Understandably, many financial services firms are concerned as to how this will affect their oversight of their staff’s productivity levels, leading to an increasing number investing in employee monitoring technology. However reasonable these concerns may be, careful consideration must be given to employers’ legal obligations before implementing this technology.
The General Data Protection Regulation (GDPR) requires that employees’ personal data be handled in a lawful, fair, and transparent way. In practice, this means those financial services firms looking to introduce monitoring tools will need at the outset to identify a lawful basis on which to process the personal data collected through it and communicate this (along with details of the monitoring and its purpose) to staff in an updated privacy notice.

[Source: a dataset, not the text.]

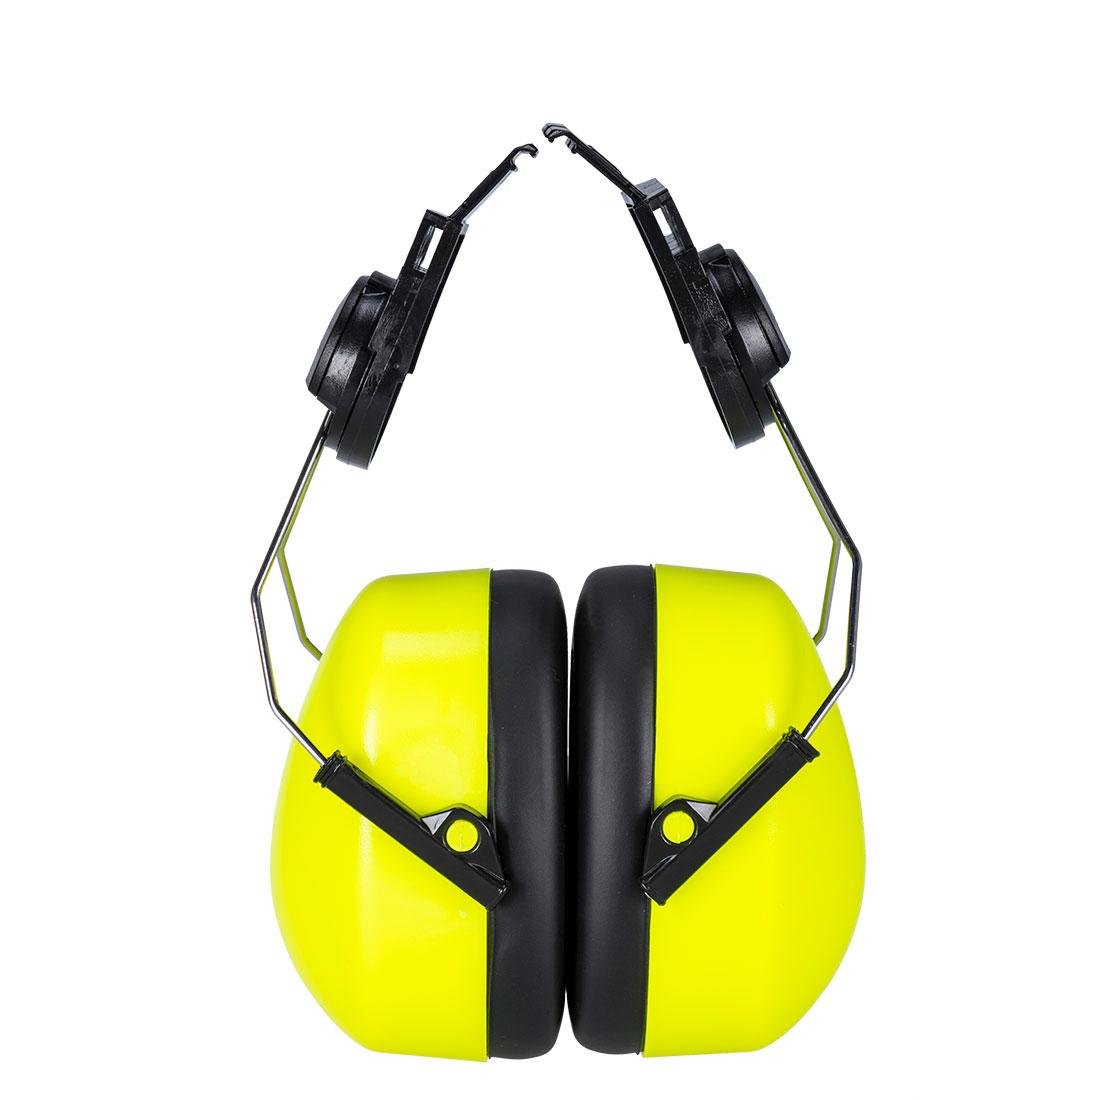 Portwest HV Clip-On Ear Protector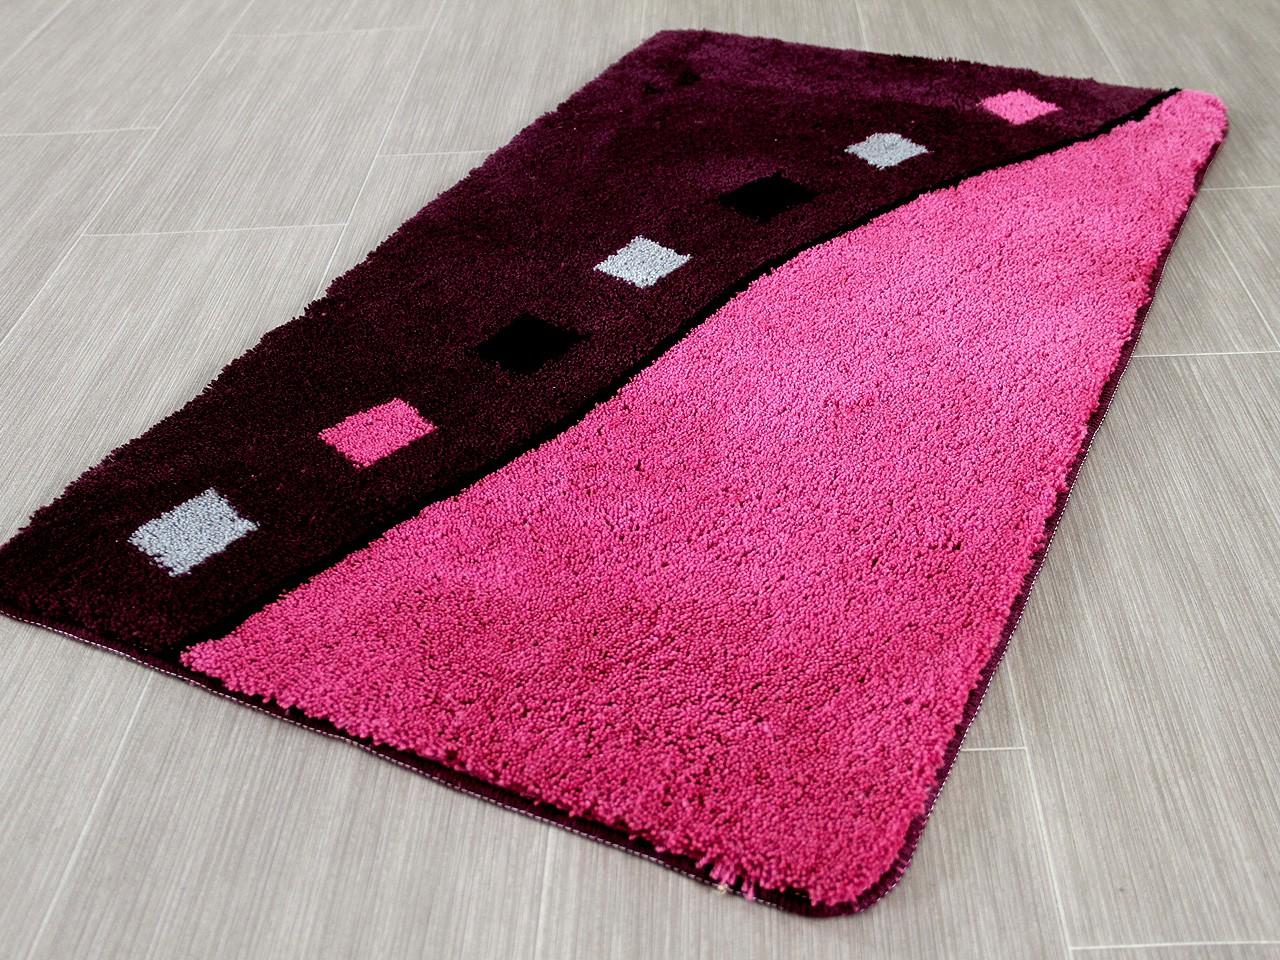 pacific badteppich rhodos purple rosa in 5 gr en badteppiche pacific badteppiche. Black Bedroom Furniture Sets. Home Design Ideas

For most employers, the relevant lawful basis will likely be ‘legitimate interests’. The specific legitimate interests will need to be stated in an updated privacy notice circulated to staff and balanced against their individual rights and freedoms. This balancing exercise should be undertaken before implementing any monitoring technology using a data processing impact assessment. This is a process designed to assess whether the proposed monitoring is necessary and proportionate, taking into account employees’ reasonable privacy expectations and what they would likely consider excessive.
Although some industry players in other jurisdictions (notably the US) have embraced certain intrusive forms of monitoring, such as software that records keystrokes and mouse movements, these are likely to fall foul of the GDPR, especially if they are used for automated decision-making or profiling (for example, basing pay rises on those who are recorded to have logged in at certain times). Continuous audio and video monitoring of employees’ homes should never be conducted.
Those firms who do implement monitoring tools will need to ensure that only a limited number of staff trained in data protection compliance should handle the personal data collected through them. The data should not be used for any other purpose unless it uncovers criminal activity or something else that an employer could not be reasonably expected to ignore.
Another reason to limit employee monitoring to that which is proportionate and necessary is that excessive staff surveillance could also breach the duty of trust and confidence implied in every employment relationship, or potentially even the right to respect for privacy and family life. There are, however, some grounds where a greater level of monitoring may be lawful (for instance, where firms suspect that an employee is preparing to compete with the business or disclose confidential information).
The consequences for getting staff monitoring wrong can be severe. An employee could resign and claim constructive dismissal, releasing them of all employment obligations and entitling them to compensation. In addition, contraventions of the GDPR could result in the Information Commissioner (the UK’s privacy regulator) imposing fines of up to 4% of worldwide turnover or €20 million, whichever is greater.